Whereas 192.168.1.1 is ofcourse just an example and could be any address that is suitable for LAN usage, see RFC1918. I assume this is the a.b.c.d you were talking about.

Ofcourse, the question is why?.

Consider black.jeremybox.com a network address that could be used on a LAN. And saying black or black.jeremybox.com is just another way to say 192.168.1.1

If other machines on the LAN are talking about black.jeremybox.com they should mean 192.168.1.1 just aswell, not 127.0.0.1 or they would be talking about themselves, so to speak.

If you respect that, and put in all the IP addresses and hostnames of the machines on your LAN, it'll make more sense. 

Then you can even copy your /etc/hosts file to all the machines on your LAN, it'll work like a charm (a better way is ofcourse running a DNS server, but that's off topic).

Ofcourse this makes more sense on a LAN than with a standalone machine (whereas you don't even need a machine/domainname), and ofcourse you're free to do whatever you like, since I don't know of any real issues, although I've read somewhere that it's not recommended to do otherwise (ofcourse I can't find that entry anywhere right now...).

----------

## fragbert

 *Zu` wrote:*   

> If other machines on the LAN are talking about black.jeremybox.com they should mean 192.168.1.1 just aswell, not 127.0.0.1 or they would be talking about themselves, so to speak.
> 
> 

 

OK, but how in the world are they going to use someone else's /etc/hosts file to resolve a name? This is a moot point...

 *Zu` wrote:*   

> If you respect that, and put in all the IP addresses and hostnames of the machines on your LAN, it'll make more sense. 
> 
> Then you can even copy your /etc/hosts file to all the machines on your LAN, it'll work like a charm

 

If you're going to replicate the same hosts file across a LAN (which is not good practice), that may be the one reason to have your hostname point directly to your non-loopback address. Still, there are many situations where this will certainly not work, which you have not addressed:

A) What if the client is using DHCP, which is very widespread? Should he have to change his /etc/hosts file every time his lease is renewed? 

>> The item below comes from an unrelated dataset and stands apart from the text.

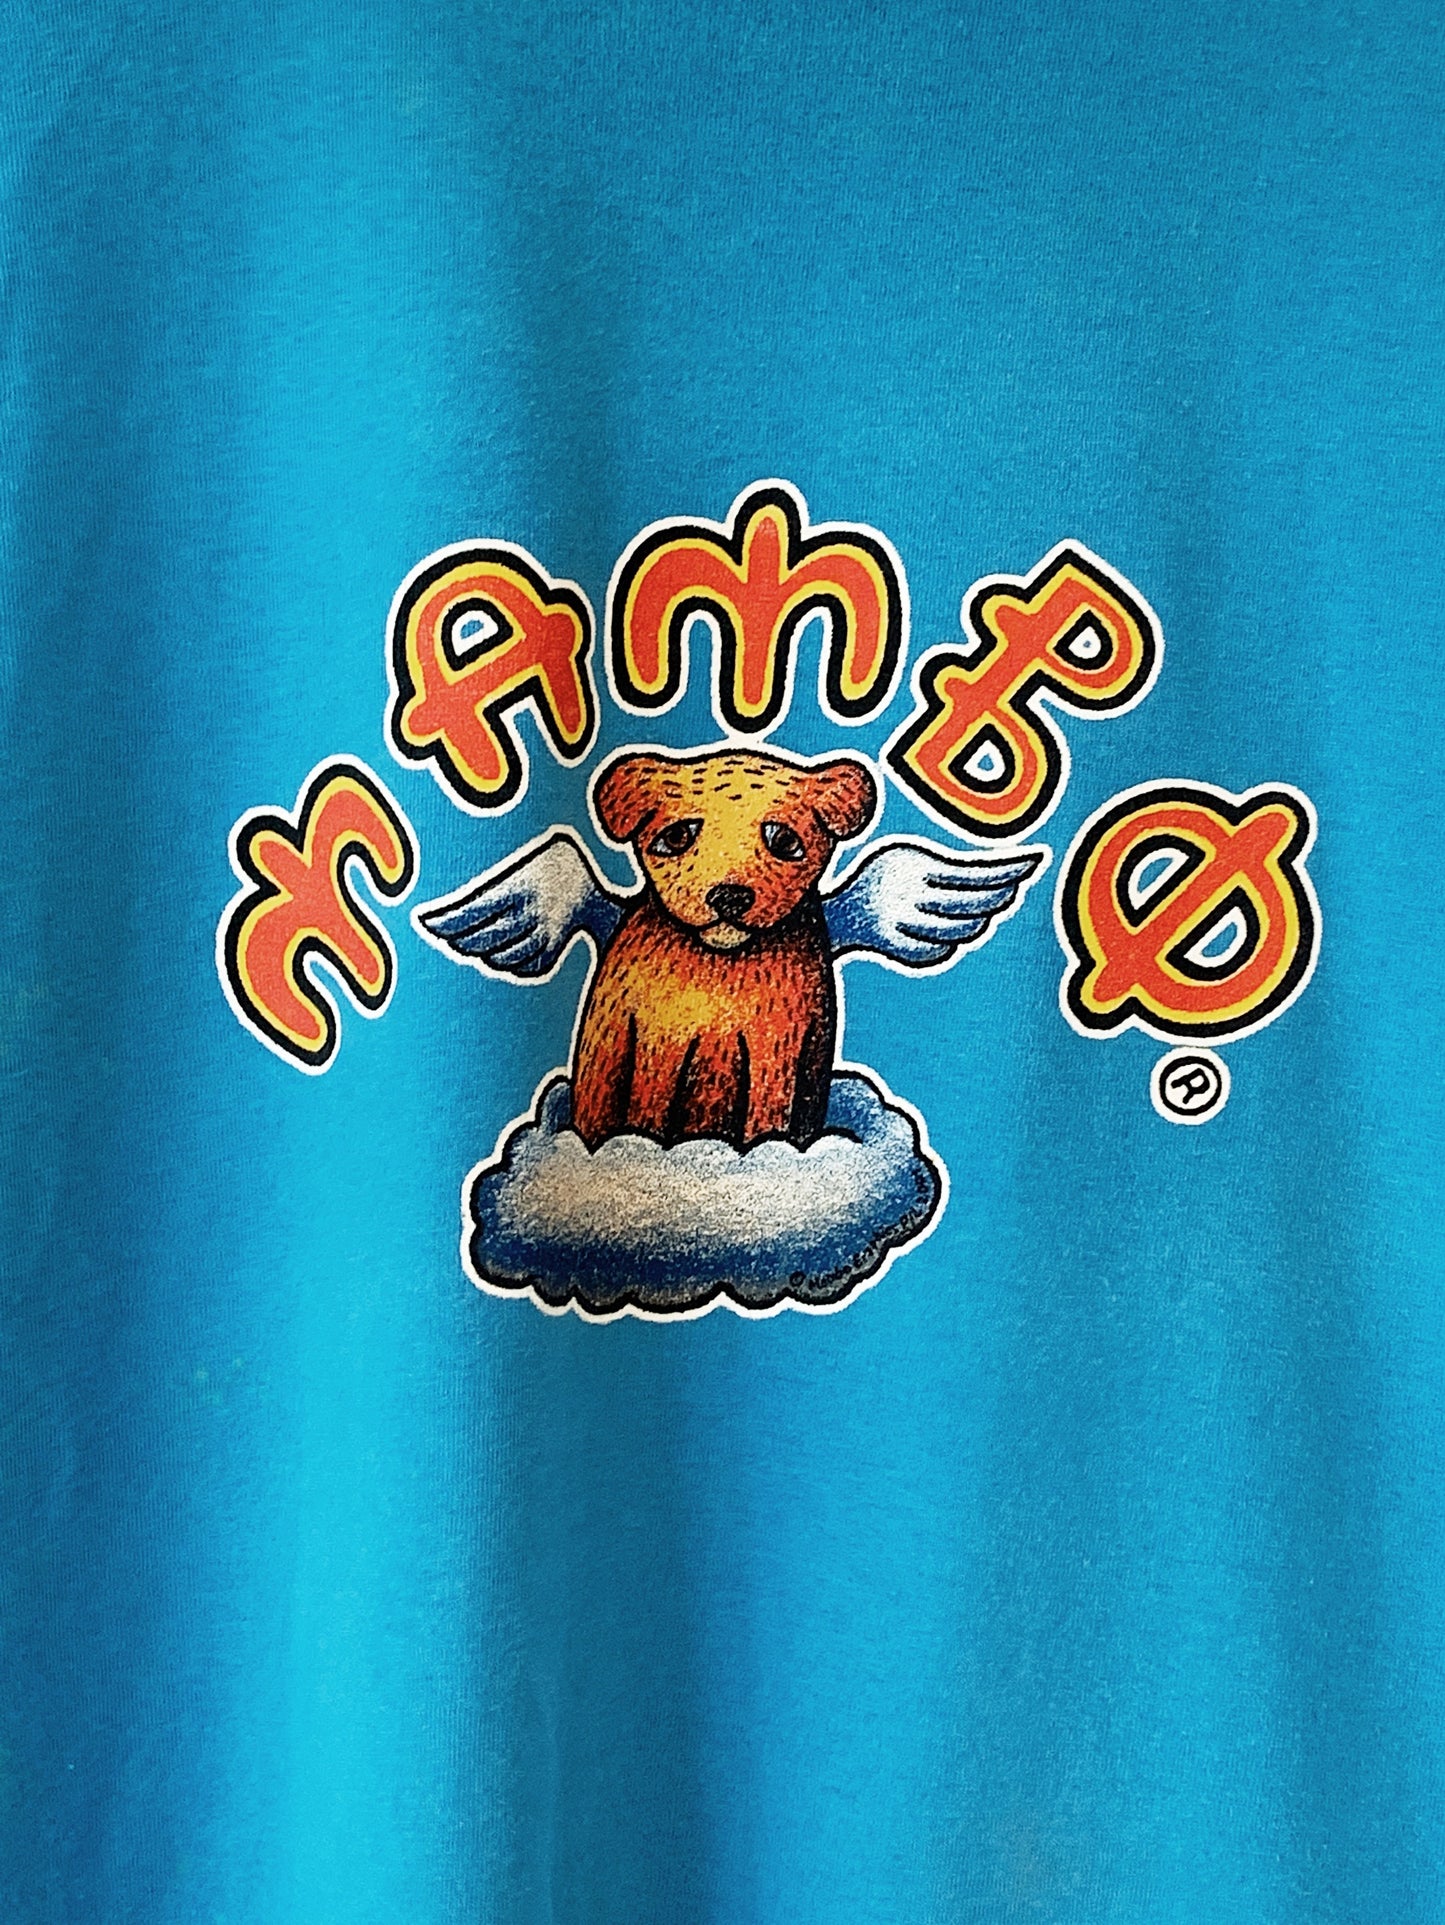 Vintage Reg Mombassa for Mambo "Puppies" '01 T-Shirt

B) What if, for some reason, your interface goes down? Now your hostname resolves to an address with no route to reach it, and many of your services (X, etc) are b0rked.

 *Zu` wrote:*   

> (a better way is ofcourse running a DNS server, but that's off topic).

 

Agreed... It is very easy to set up a local, non-Internet DNS though -- definitely way to go if you have the time.

Michael

----------

## Genone

Question for the OP: is this message from the webserver or from the login prompt on the console ?

----------